Let’s start with a review of what types of companies primarily drive the US economy We know that there are about 16,000 publicly traded companies represented on the NASDAQ, NYSE, and AMEX. The key economic engine in the US is the 27 million small businesses. The 2008 Small Business Administration Presidential Report on the Small Business Economy clearly communicated that “the economy generated 1.1 million net new jobs in 2007. In the first quarter of 2007, 74 percent of net new jobs were in small businesses with fewer than 500 employees and 22 percent were in businesses with fewer than 20 employees. ” However, the vast amount of attention in the media and the federal bureaucracy is focused on what is happening in the markets. This is understandable with the dollar volumes in transition in this public environment. The economic recovery program does not target the core of the economy, small businesses. More than ever the public market environment is questioned on corporate governance. The new legislation being considered for public companies has sections that may very well leak and require small businesses to adhere to similar, if not exact, rules on Corporate Governance.

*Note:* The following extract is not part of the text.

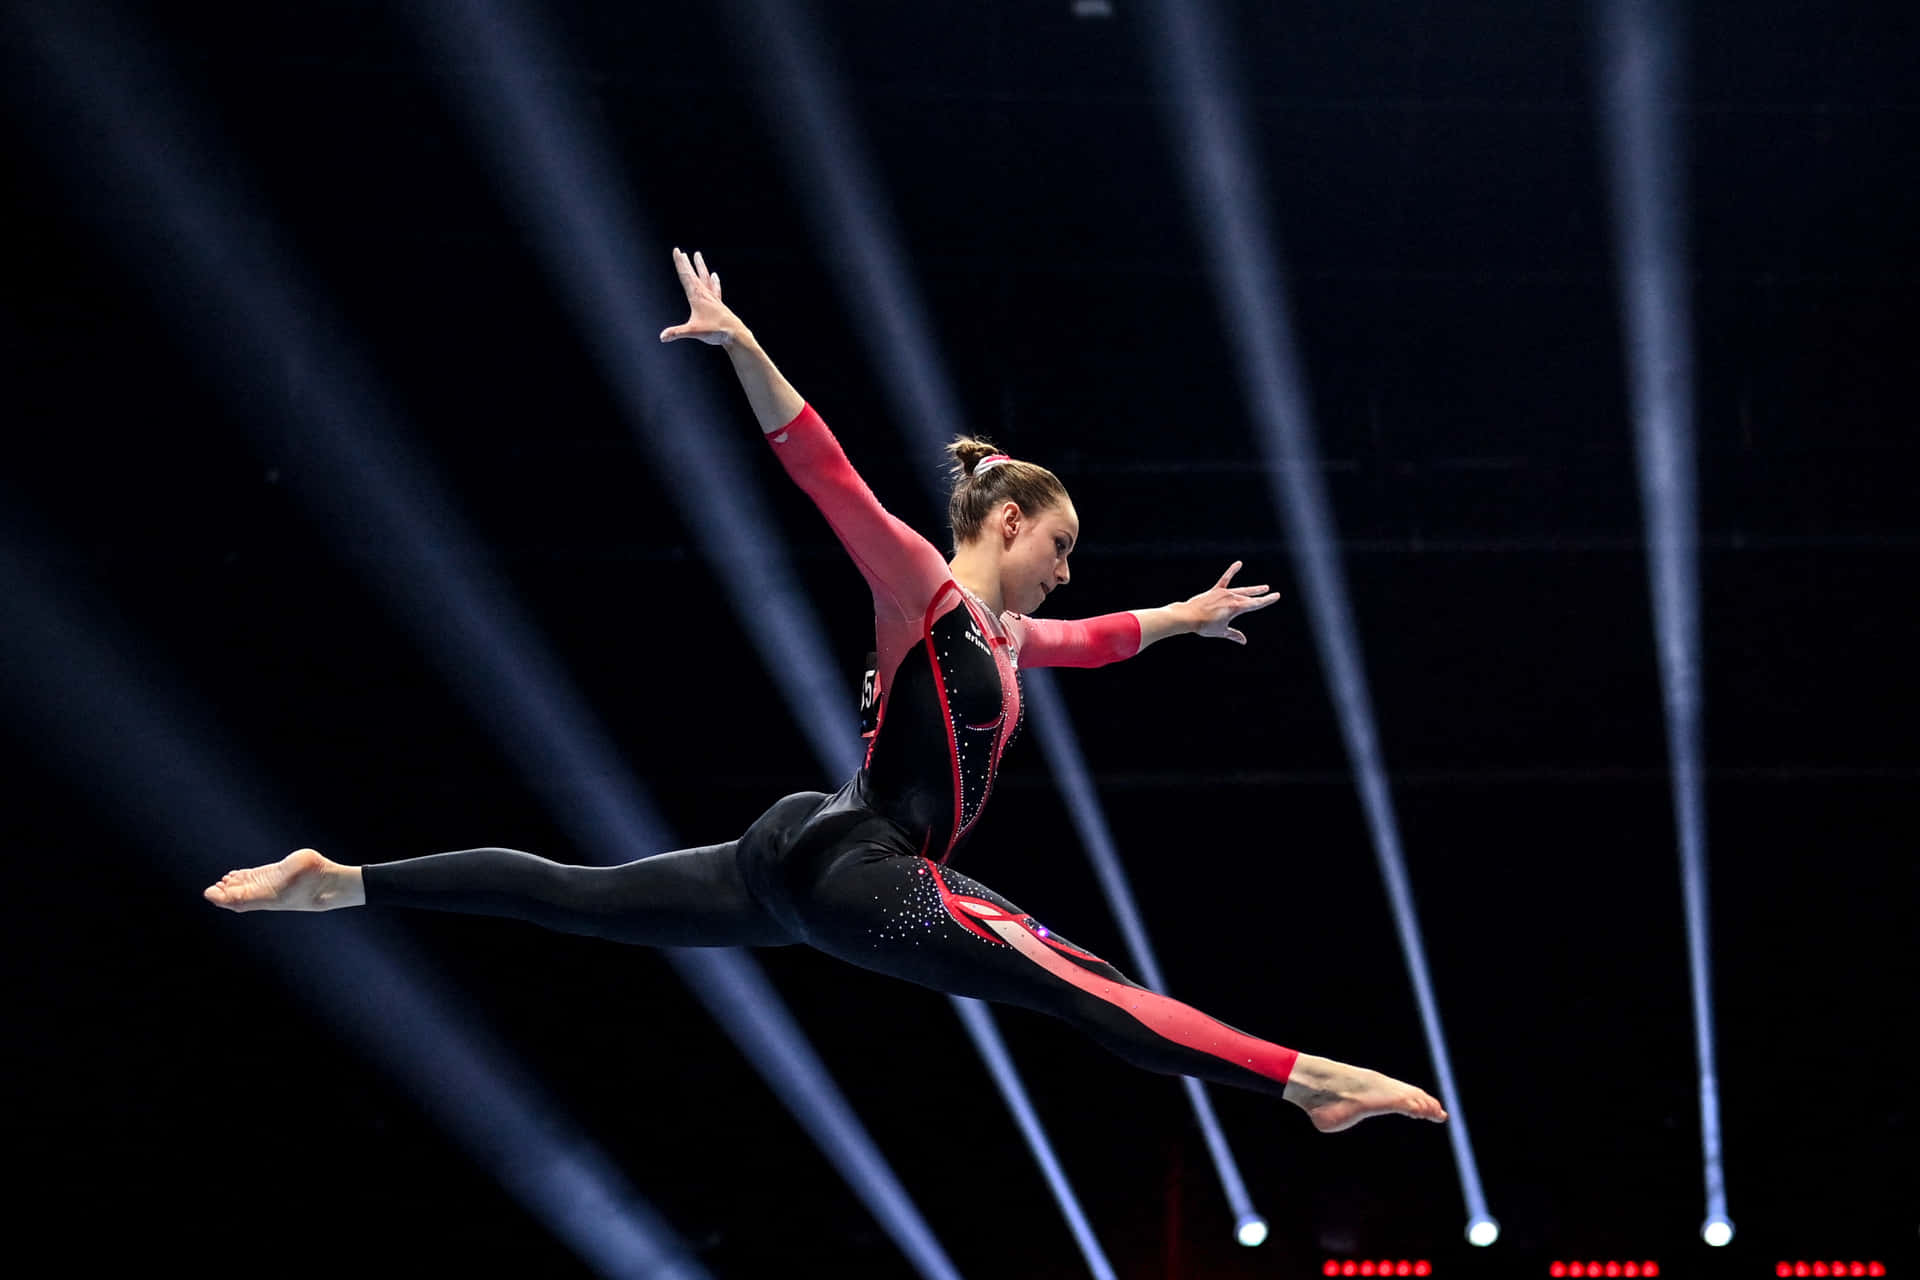 A Gymnast In The Air With Lights On Her Face

A simple definition of Corporate Governance for small business:
Corporate governance simply refers to the set of internal policies, rules and procedures that a company follows on a regular basis to ensure that it operates in a fair, equitable and appropriate manner for the benefit of the company, its management and its shareholders. A corporation generally has a board of directors and a senior “C” management team. Most small businesses do not have these clearly defined and functional organizational entities. For private companies that are registered as corporations and have investors, the various states require that these entities have a board of directors. However, many small businesses are incorporated for tax purposes and do not necessarily pay attention to corporate governance concepts.
How is corporate governance applied to small businesses?

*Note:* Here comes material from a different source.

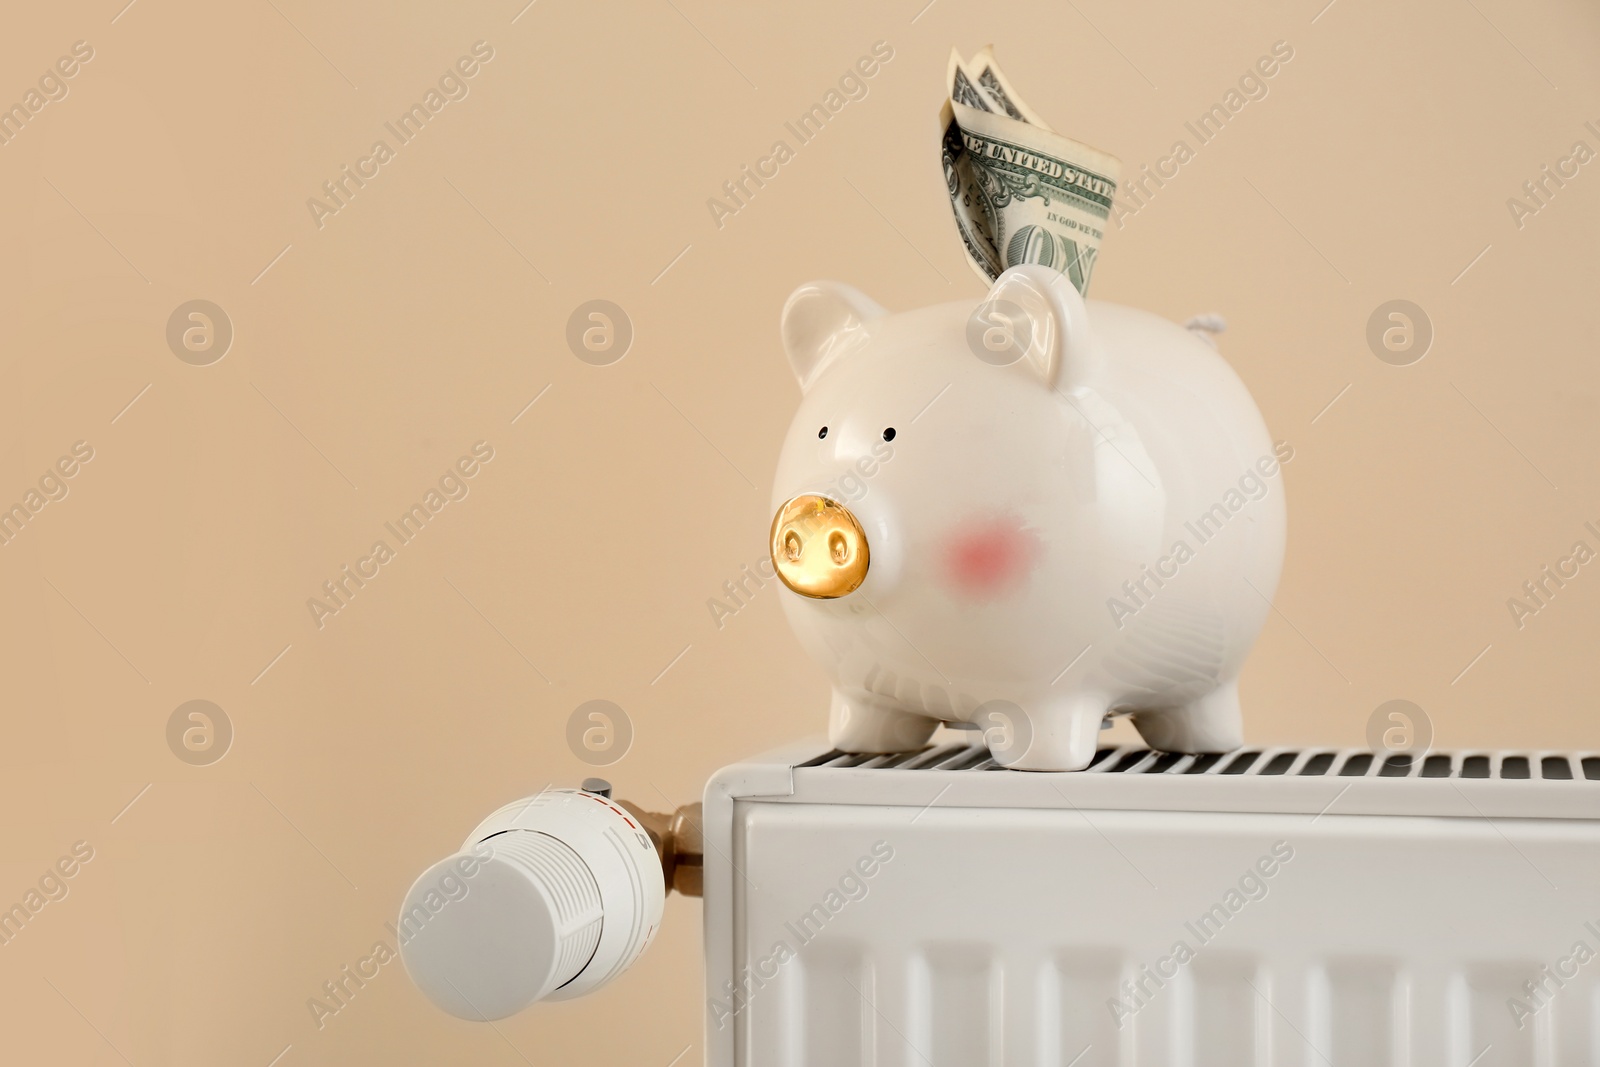 Photo of Piggy bank with money on heating radiator against light background

All companies must look at their organizational structure and continually assess what will allow the company to perform optimally. The easiest way to implement this is to have an advisory council. The advisory board are unpaid individuals who have specific business or industry backgrounds who can contribute ideas or mentor management. In more formal and traditional cases, a small corporation has a board of directors comprised of the founders, a spouse, an employee, and maybe, just maybe an outside director. The focal point of corporate governance within small businesses is that all businesses must establish strategic business goals, provide the leadership to implement them, oversee the management of the business, and, if the business has shareholders, inform shareholders about its management. . For those small companies that do not have the hierarchical structure to implement formal corporate governance plans, it is recommended that the periodic self-assessment of the company is the starting point for accountability, to improve performance, grow the company and be a major contributor. strength in the economy. At the end of the day, if you follow some set of policies and procedures and report to someone from your company management, even if it is your dog, then you have a responsibility that is key to corporate governance practices.
Will the government impose its will and definition of Corporate Governance from public markets to the environment of small companies?
This imposition of government of the companies of the public market to the private companies makes its way in the corridors of the congress. One idea that is included in current legislation is to extend Sarbanes-Oxley to private companies. Anyone who knows anything about SOX is aware of the high cost of implementing the documentation and reporting processes. Bringing this into the small business environment would be cost prohibitive and hamper economic growth. The general policy of mandatory corporate governance is to wait and see how the new legislation will affect the small businesses that power the American economy.
As a final note, all companies, regardless of their size, will see the positive effects of implementing corporate governance principles. The facts are, there are more than 27 million small businesses in the US that are job creators and drivers of the economy. The greatness of American businesses is that they perform best when people come together in a free market environment to meet the needs of the economy and society. In the end, best corporate governance practices can be freely implemented to benefit the company, or the government can institute corporate governance, which can cost more in resources, planning, and profits. Take the time to assess how your small business views corporate governance and how this will enhance its growth in the marketplace.